Придерживая левой рукой лукошко за верхний его край, он брал правой рукой полную горсть семян и резким движением руки, козонками, тыльной ее стороной вперед и верх, немного наклоняя тыльную сторону кисти к лукошку, пропускал зерно между растопыренными пальцами, слегка ширкая зерном о лукошко, выбрасывая перед собой, направляя чуть вверх широкую, тонкую, на мгновение прозрачно вспыхивающую на солнце золотистым полукругом м тут же исчезающую из глаз, пелену семян.

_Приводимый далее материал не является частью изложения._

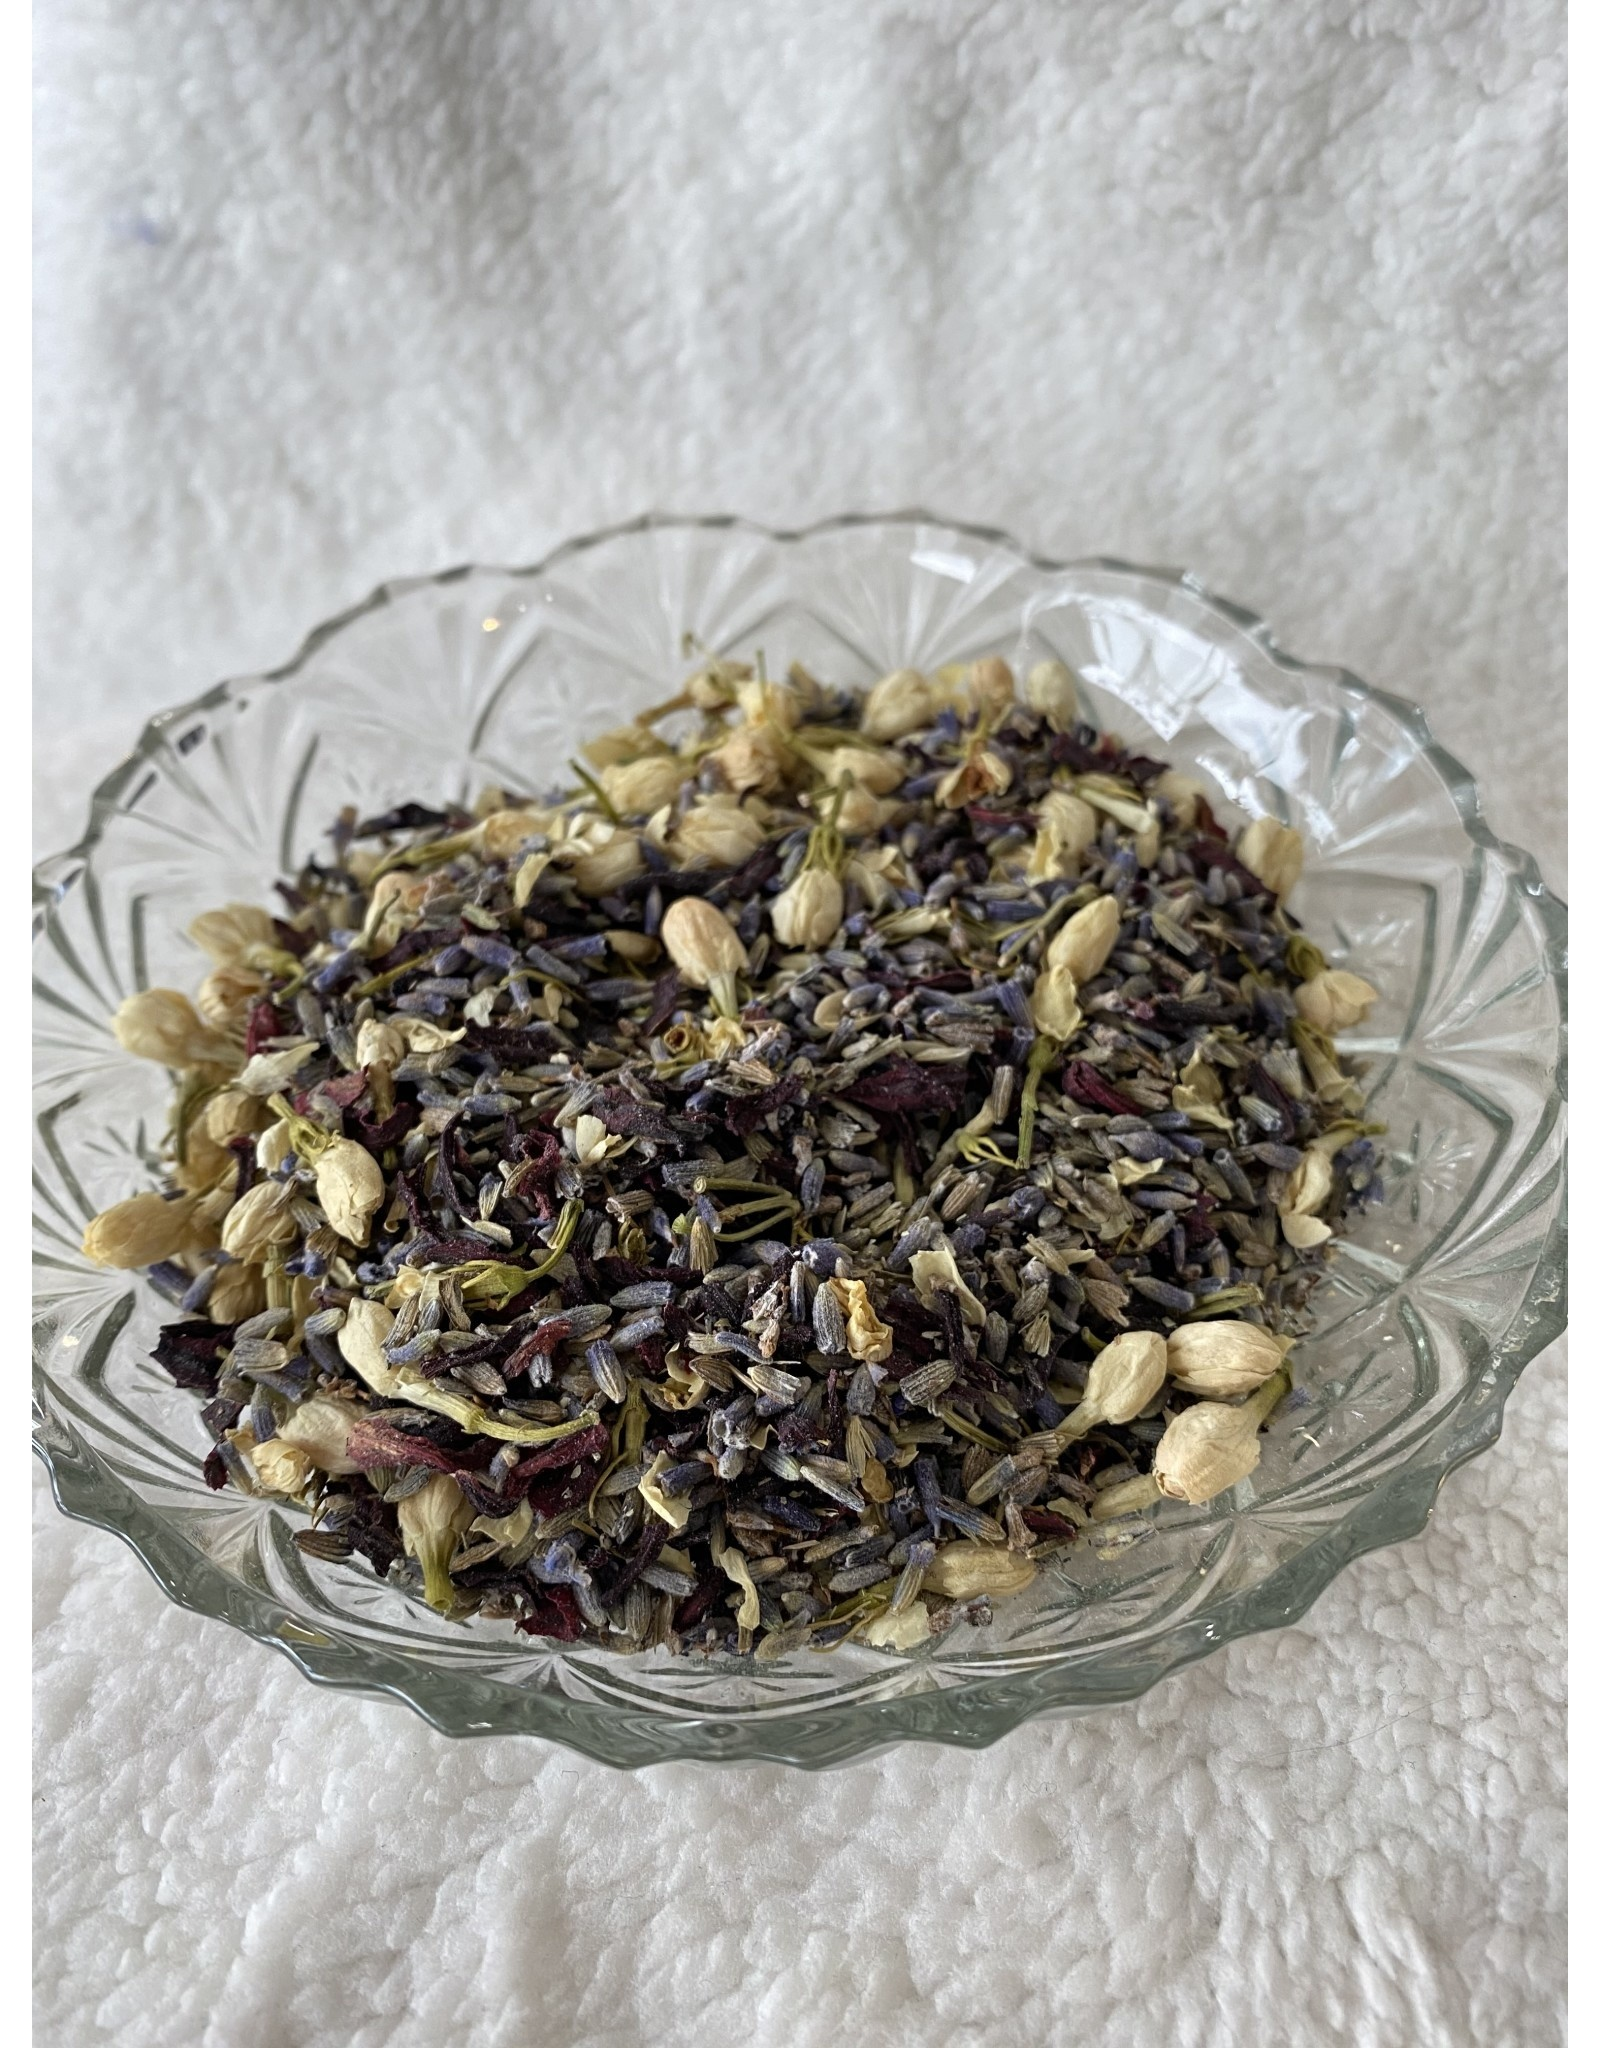 Flower Tea & Bath Blend - 1 oz.

На сероватой от вешней воды корке подсохшего чернозема закраснела ровная рябь пшеничных зерен, как по мерке разложенных на одинаковых расстояниях одно от другого. Дойдя до лесной межи у заброшенного колодца и засеяв полосу шириной сажени в две с половиной, отец перешел левее, повернулся спиной к лесу и не спеша пошел обратно, поворачиваясь также плавно и ритмично, то вправо, то влево, взмахивая правой рукой при каждом полуповороте. И перед ним опять стал вспыхивать и исчезать розоватый пшеничный туман.